Political instability, poverty, war, disease and climate change are testing humanity like never before, but in a world beset by rapidly compounding crises, one thing remains constant: People need to eat.
Even as Western industrialized and rapidly developing nations face an epidemic of health problems related to obesity and associated “lifestyle illnesses,” the Food and Agriculture Organization (FAO) of the United Nations reports that approximately one in eight people in developing nations is chronically undernourished. According to a 2014 FAO Hunger Map, that number has fallen by some 100 million in the last decade, but still remains around 805 million worldwide. Progress in fighting malnutrition in Latin American and Southeast Asia is offset by widespread chronic hunger in sub-Saharan Africa (nearly one in four) and Southern Asia (over half a billion).
Despite advances in transportation, technology and increased crop yields, hunger remains at the top of the world’s problems, stubbornly entrenched between conflict and environmental destruction, fueled by soaring populations, climate change and a globalized market that pumps billions into industrialized economies, but leaves behind hungry millions in the developing world.
Against this dark backdrop, however, there is reason not only for hope, but substantive results that illustrate viable means of improving food security. In the battle against global hunger, one of the brightest stories has its roots in the islands of the Pacific.
Breadfruit, a pan-Pacific staple crop first cultivated in New Guinea more than 3,000 years ago, has long provided sustenance to the people of Micronesia, Melanesia and Polynesia. Today, this fast-growing, high-yielding fruit tree (imagine bowling ball-sized green fruits that can be prepared like a potato) is increasingly being propagated vegetatively by cuttings (essentially making botanical clones) and sent to tropical regions where the tree has had limited or no historical use. Introducing breadfruit to new geographic regions has been almost exclusively at the request of people in places where food scarcity, deforestation and other environmental problems are endemic, says Dr. Diane Ragone, director of the Breadfruit Institute in Hawaii. Because the fruit is seedless, she adds, it poses no threat of becoming invasive.
Valued as a hardy, easy-to-plant, beautiful leafy tree, breadfruit’s prolific fruit-bearing quality is augmented by other benefits such as useful wood, leaves and flowers, and its use as an anchor crop in agroforestry and reforestation projects.
One variety in particular, a Samoan cultivar called Ma’afala (ma-ah-fala), has been deemed superior in taste, nutrition and growth habit after years of comparing
different varieties. In Jamaica, for example, when researchers introduced Ma’afala, people were skeptical of the new variety, but found it lighter and more flavorful than the Tahitian variety introduced centuries earlier.
In a 2014 study, researchers in Hawaii and British Columbia found that Ma’afala has higher quality protein than potatoes, wheat, rice, soybean, corn and peas. The fruit is high in carbohydrate energy, low in fat and a good source of fiber, calcium and minerals. And while breadfruit remains relatively unknown outside of the tropics, chefs familiar with its preparation praise it for its taste, versatility and nutritional value.
Breadfruit can be grown in a broad band that runs north and south of the equator through Latin America and the Caribbean, across Africa, Asia, northernmost Australia and the Pacific Islands.

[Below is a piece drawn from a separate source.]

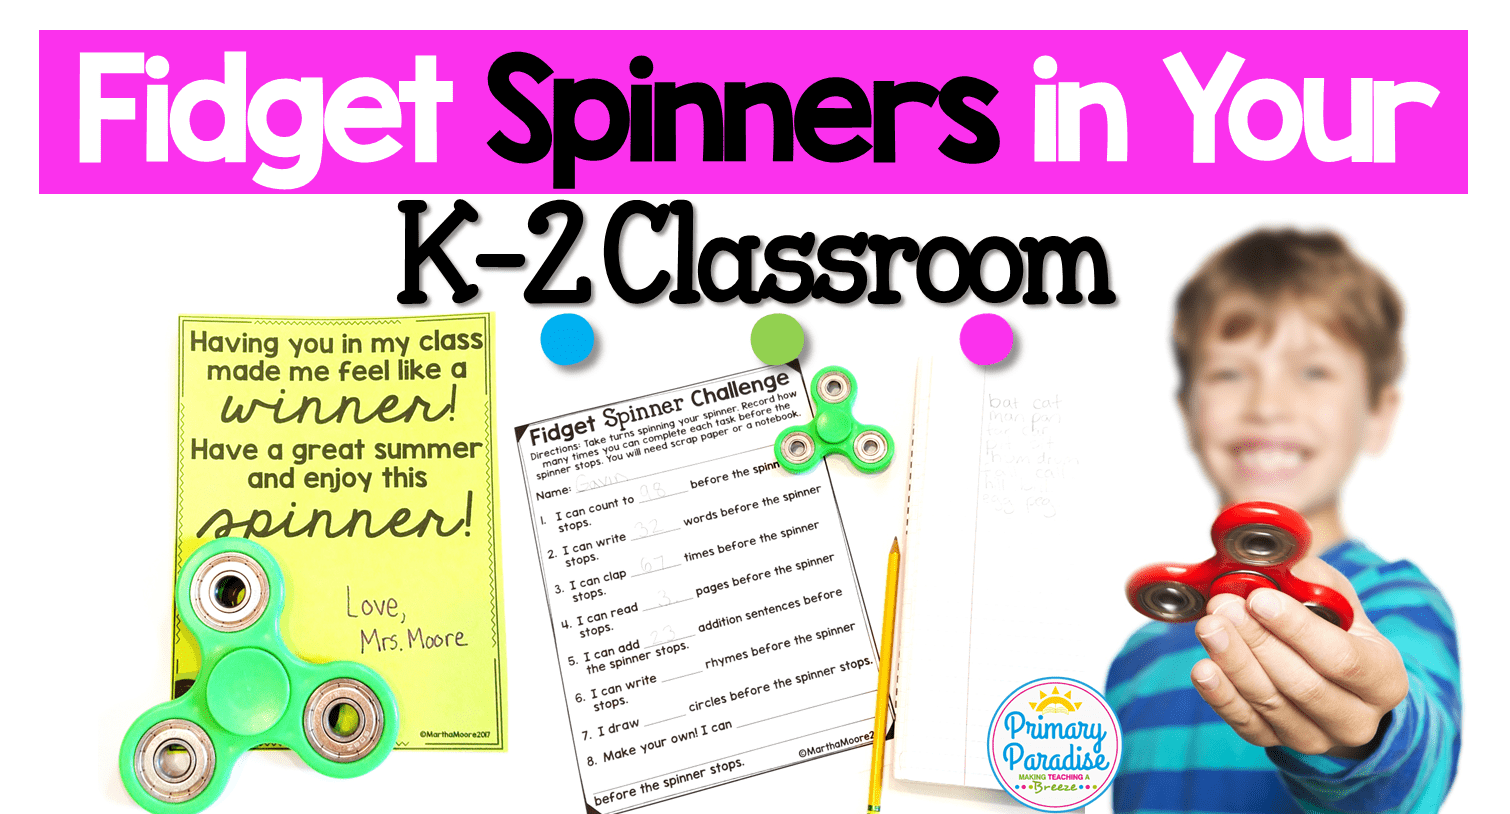 WOULD YOU RATHER SPINNER: Free Morning Meeting Activity

Since 2009, more than 54,000 breadfruit trees have been distributed to 31 countries and territories around the world from Haiti and Honduras to Nigeria, Kenya, Myanmar, Pakistan and throughout Oceania. Scientists at the Breadfruit Institute in Hawaii and the University of British Columbia are partnering with Global Breadfruit, an offshoot of the horticulture firm Cultivaris, and small nonprofits and nongovernmental organizations around the world to propagate, distribute and grow more breadfruit.